1 thought on “Fear Factors

  1. Fear can be a negative and a positive motivator, though I would not say Bam-Bam was afraid, it was a toy and a game for him. He hit everything and fear was not one of the things that Bam-Bam really put out there. Fear, though, should only be placed in God and the negative judgment of God, i.e. in Luther’s Small Catechism in the explanation we are to “fear, love, and trust God above all things.” Throughout the explanations of the Small Catechism “fear and love” are repeated over and over as a reminder that it is ultimately God in whom we should fear displeasure. As we move through the Catechism we will find, as in Scripture, how God has shown us how we are to trust in God. Fear misplaced is a negative motivator, but in our calling of service in God and the calling for us to seek God’s will it is a very positive motivator as we do these things in order to honor our God and Creator. Christ reminds us not to be afraid of the things that have been promised to us in God, but we are to cling to these things that will carry us through the struggle and suffering that all of us will inevitably face in this world and find comfort that we walk in the forgiveness that our Lord has poured upon us in great abundance.

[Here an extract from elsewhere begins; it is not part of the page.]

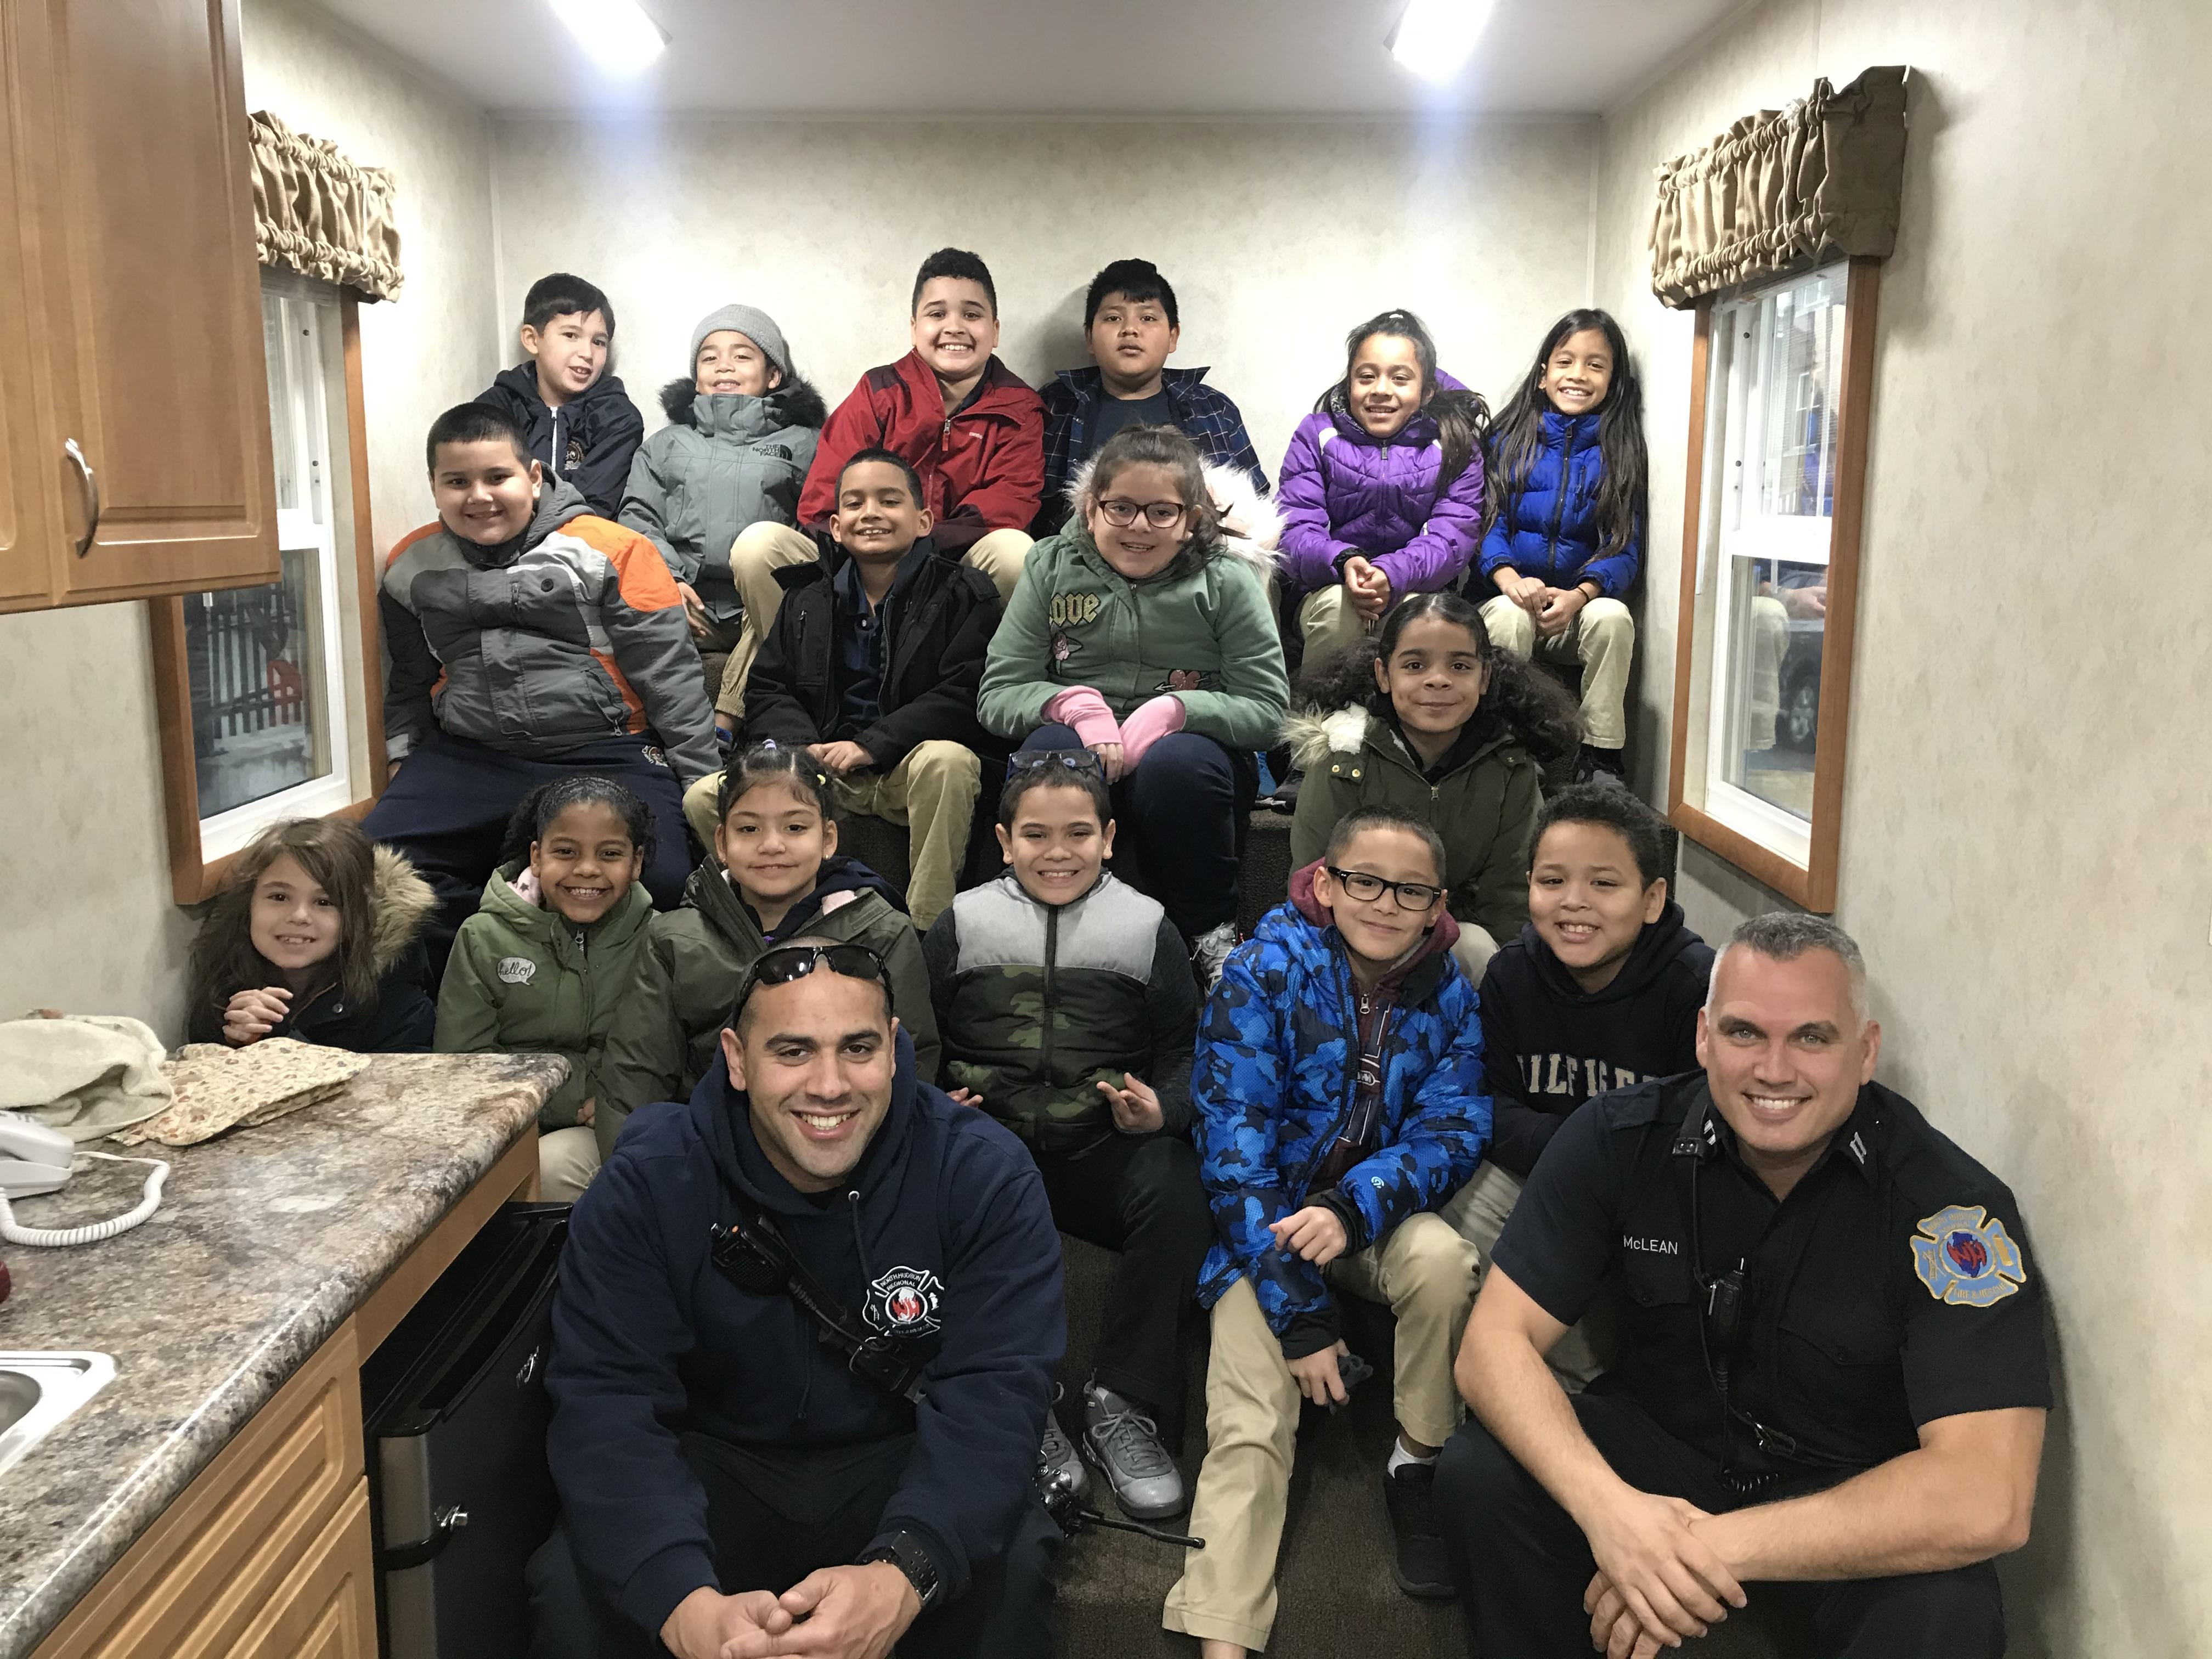 class poses with the two firefighters inside the fire safety house

The only fear that really should motivate us is that there are those that may die without ever knowing God’s full love and forgiveness and to know that someone we care about could die outside of God’s grace should break our hearts and drive us to weeping at every rejection of God we may hear. Have a great week, my friend! May Christ’s love fill your heart and your spirit as you proclaim the glorious promises of God revealed to us throughout that most wonderful Word that has been given to us in the Holy Scripture!